At each iteration, Fray expects the test to clean up all the resources it uses: closing open connections, releasing locks, and terminating all threads. Unfortunately, this is not always the case for real-world distributed systems. Many distributed systems do not provide a clean shutdown mechanism. They assume the way to stop the system is to kill the process. As a result, you may find code like the following:
1public class ConnectionEventExecutor {
2 Logger logger = BoltLoggerFactory.getLogger("CommonDefault");
3 ExecutorService executor = new ThreadPoolExecutor(1, 1, 60L, TimeUnit.SECONDS,
4 new LinkedBlockingQueue<Runnable>(10000),
5 new NamedThreadFactory("Bolt-conn-event-executor", true));
6
7 public void onEvent(Runnable runnable) {
8 try {
9 executor.execute(runnable);
10 } catch (Throwable t) {
11 logger.error("Exception caught when execute connection event!", t);
12 }
13 }
14}
This class creates a ThreadPoolExecutor without ever providing a way to shut it down. When the test finishes and tries to start the next iteration, the leftover threads from the previous run are still alive. They may hold references to stale state, interfere with newly created nodes, or cause Fray’s scheduler to hang waiting for threads that will never terminate.
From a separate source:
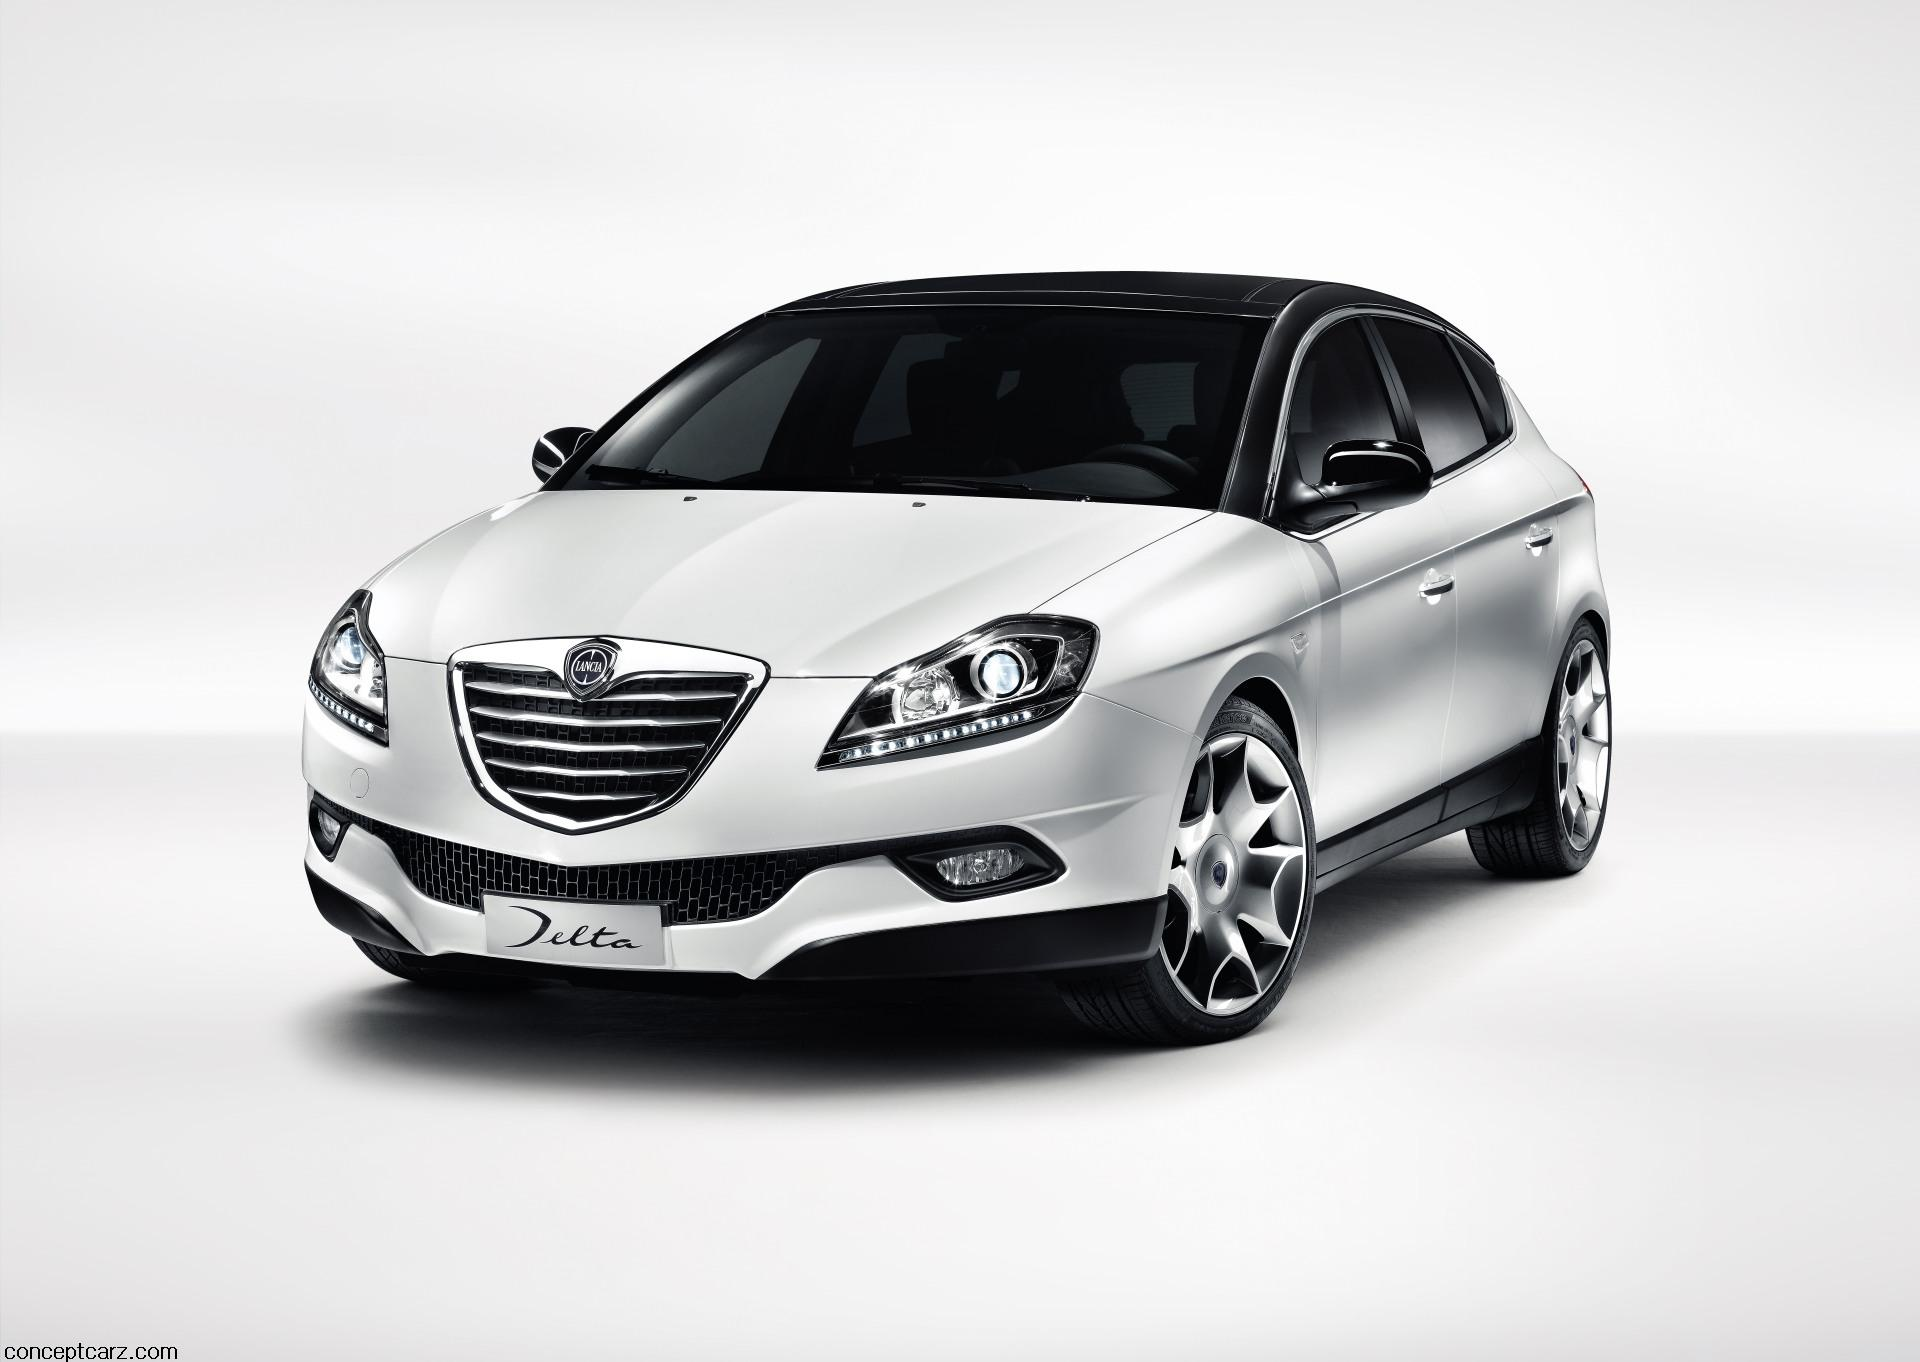 https://www.conceptcarz.com/images/Lancia/2012-Lancia-Delta-Crossover-Image-01.jpg

To solve this issue, Fray introduces abortThreadExecutionAfterMainExit which throws exceptions in application threads when the main test thread exits. But there is a way to sidestep the issue entirely. The reason Fray runs tests in a loop within a single JVM is to avoid the bootstrap overhead of starting a new process each time. If instead we had an efficient way to snapshot the JVM state at an arbitrary point — similar to what CRaC does for coordinated checkpoint/restore — we could restore from a clean snapshot at the start of each iteration. This would eliminate the need for graceful shutdown altogether.
The Future
Most distributed systems are designed without simulation testing in mind — largely because no mature simulation testing frameworks exist for them yet. It is both a cultural and technical chicken-and-egg problem: developers do not design for testability because the tooling is not there, and the tooling struggles because existing systems were not designed for it. Today, simulation testing remains a niche technique practiced by a handful of teams (FoundationDB, TigerBeetle, Antithesis) that built their systems around it from day one.
My hope is that as more simulation testing frameworks emerge, developers will begin to internalize testability as a design constraint. Diorama is a small step in this direction. It is far from perfect, but I hope it demonstrates that simulation testing does not have to be an all-or-nothing proposition reserved for greenfield projects.